In perhaps the most interesting part of the Court's decision, Justice Breyer writes separately, joined in part by Justice Scalia, to set forth the "substantial agreement among many Members of the Court on many of the fundamental issues of patent law raised by this case" (emphasis in original). These include:
• First, "although the test of §101 is broad, it is not without limit," citing Chakrabarty, Benson, and Diehr.
• Second, the "machine-or-transformation" test "has repeatedly helped the Court to determine what is 'a patentable process.'"
• Third, while the "machine-or-transformation" test "has always been a 'useful and important clue,' it has never been the 'sole test' for determining patentability." It is rather "an important example of how a court can determine patentability under 101"; the Federal Circuit's mistake was in treating it as the "exclusive test" (emphases in original).

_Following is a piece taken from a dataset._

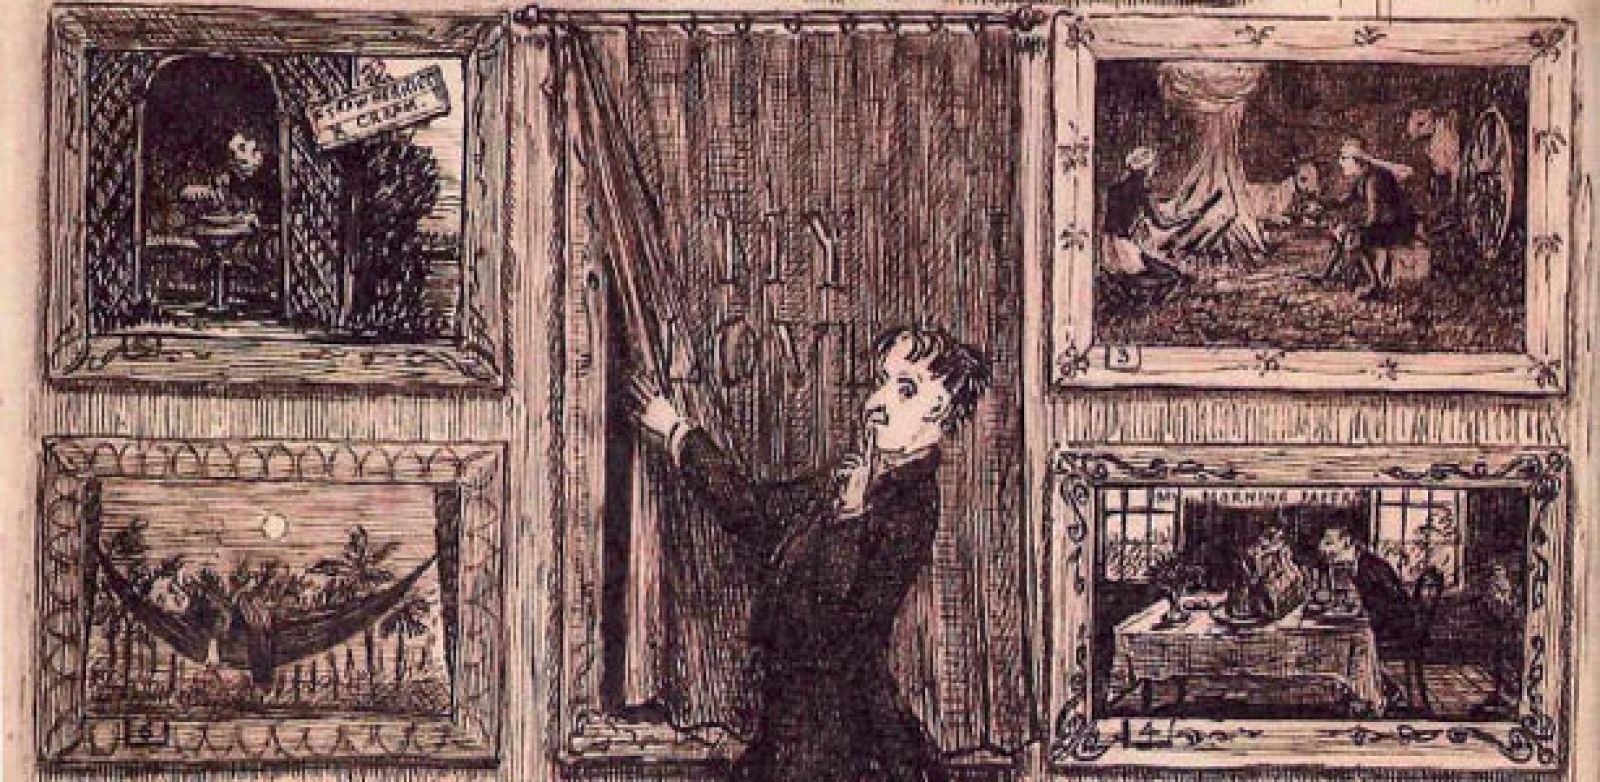 Fragmento de una ilustración original de 'Nueve preguntas' (1876)

• Fourth, "although the machine-or-transformation test is not the only test for patentability, this by no means indicates that anything which produces a "useful, concrete and tangible result' . . . is patentable." Indeed, Justice Breyer states that insofar as the Federal Circuit repudiated that standard from State Street, "nothing in today's decision should be taken as disapproving of that determination."
With these insights in mind, it is clear that the Court as currently constructed will continue to apply a patent-limiting approach to these types of questions. It is equally evident that the Court is not inclined to make sweeping pronouncements or establish bright-line tests on patenting matters, preferring to take a case-by-case approach to developments in this area and to restrict the Federal Circuit when it strays from this path.
Bilski v. Kappos (2010)
Opinion of the Court by Justice Kennedy, joined in full by Chief Justice Roberts and Justices Thomas and Alito and in part by Justice Scalia;
Opinion concurring in the judgment by Justice Stevens, joined by Justices Ginsberg, Breyer, and Sotomayor;
Opinion concurring in the judgment by Justice Breyer, joined in part by Justice Scalia.